S.C. Judge Gives Special Interest Groups Right to Campaign
COLUMBIA, S.C. (AP) — South Carolina legislative special interest caucuses can formally campaign, a federal judge ruled Tuesday in a victory for a hardline conservative group of state representatives that want to push the Republican-controlled Legislature further to the right.
The order allows the South Carolina Freedom Caucus to fundraise and distribute election materials just like the House Republican, Democratic, Black and Women's Caucuses already do. The fledgling conservative faction had argued that a state ethics law limiting those abilities only to caucuses organized by political party, race, ethnicity or gender violated its freedom of speech.
“By prohibiting special interest caucuses from engaging in election-related speech, making expenditures for that speech, and soliciting contributions for that speech, South Carolina's law operated as ‘a ban on speech,’” Judge Cameron McGowan Currie wrote.
Ultraconservative elected officials in at least 11 statehouses have organized under the State Freedom Caucus Network banner in an attempt to gain influence by leveraging divisive social issues.
Those efforts are expected to get a boost in South Carolina after the decision. The South Carolina Freedom Caucus had said the statute favored the ruling parties and arbitrarily disempowered others. Special interest caucuses had previously only been able to solicit money for the cost of mail and conference attendance.
With the Tuesday ruling, state Rep. RJ May, the vice chairman of the South Carolina Freedom Caucus, said “the establishment's armor is cracking.”
“The career politicians in Columbia have created a system of the powerful, for the powerful, and by the powerful that benefits themselves and their cronies,” May said in a statement.
The judge also struck a prohibition on lobbyist contributions to legislative special interest caucuses. Gone is another requirement that the Clerk's Office maintain records for at least four years with identifying information about donors and the amounts donated.
Republican State Rep. Micah Caskey, named in the lawsuit as a member of the committee that enforces those rules, said the judge “blast(ed) a hole in our state ethics laws.”
Because any two legislators can form their own special interest caucus, Caskey fears the ruling will open the door for state lawmakers to raise undisclosed funds in coordination with their campaigns.

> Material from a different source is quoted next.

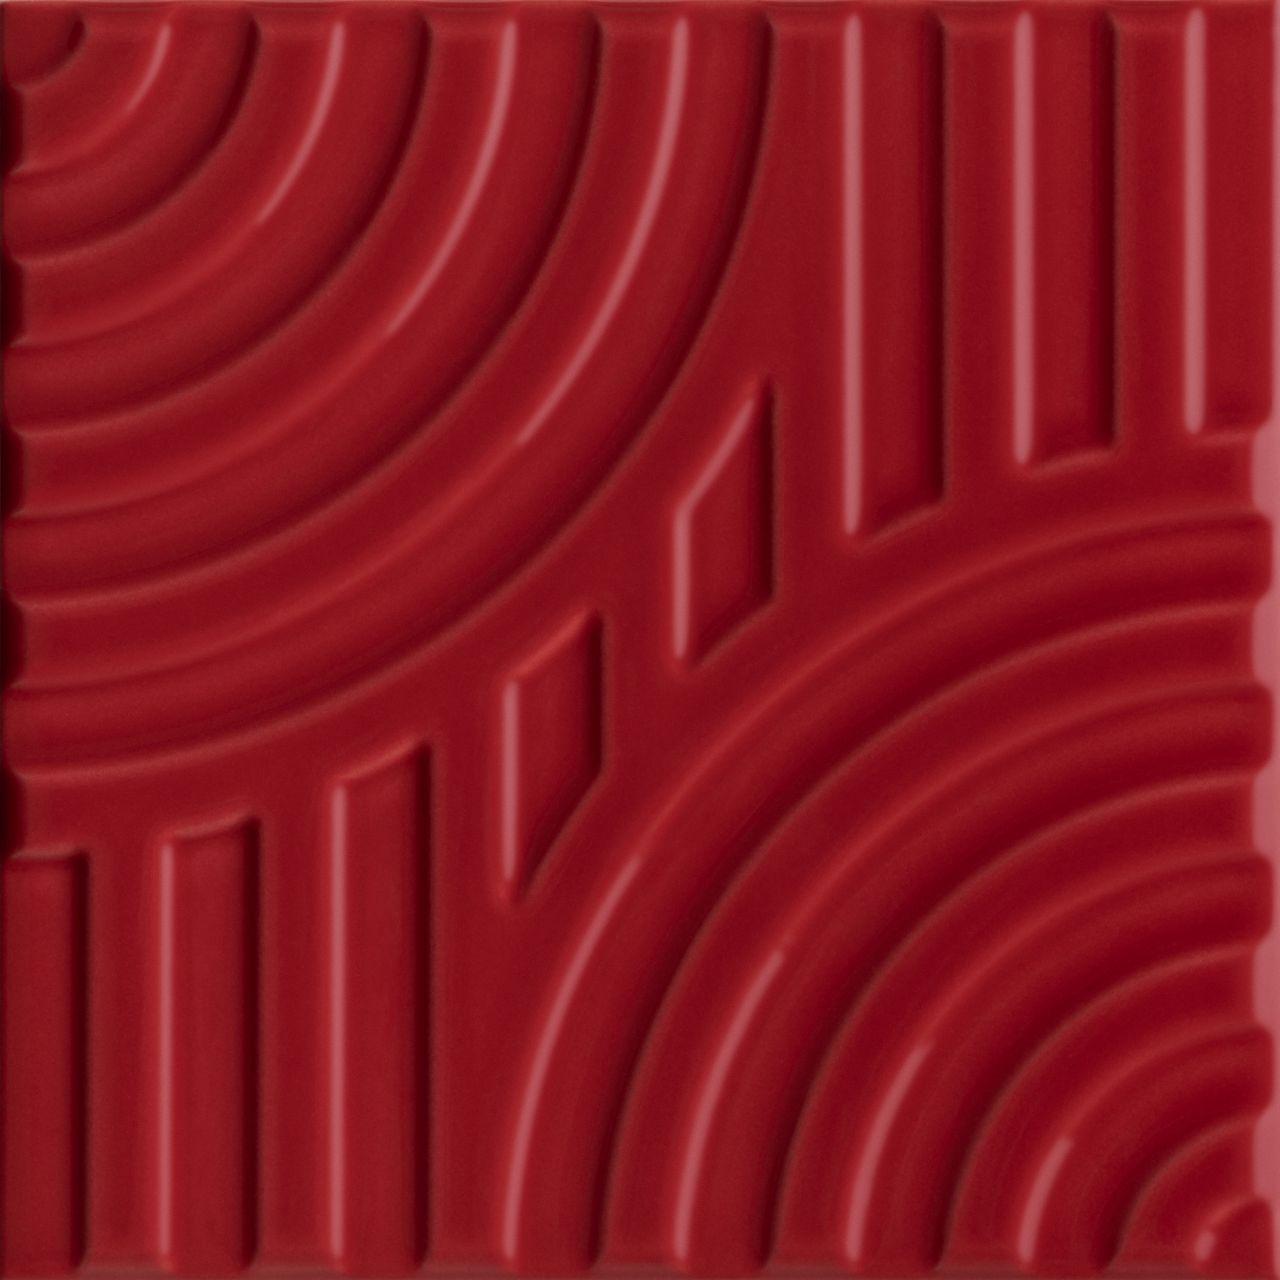 poente arco vermelho br 15,5×15,5

“The dark money is going to come pouring into our state because these guys and the judge think it's a good idea for any legislator to sidestep our campaign finance laws by creating a ‘special interest caucus,’" Caskey told The Associated Press in a text.
The lawsuit had backing from America First Legal, a legal group founded by Stephen Miller and other previous White House advisers to former President Donald Trump.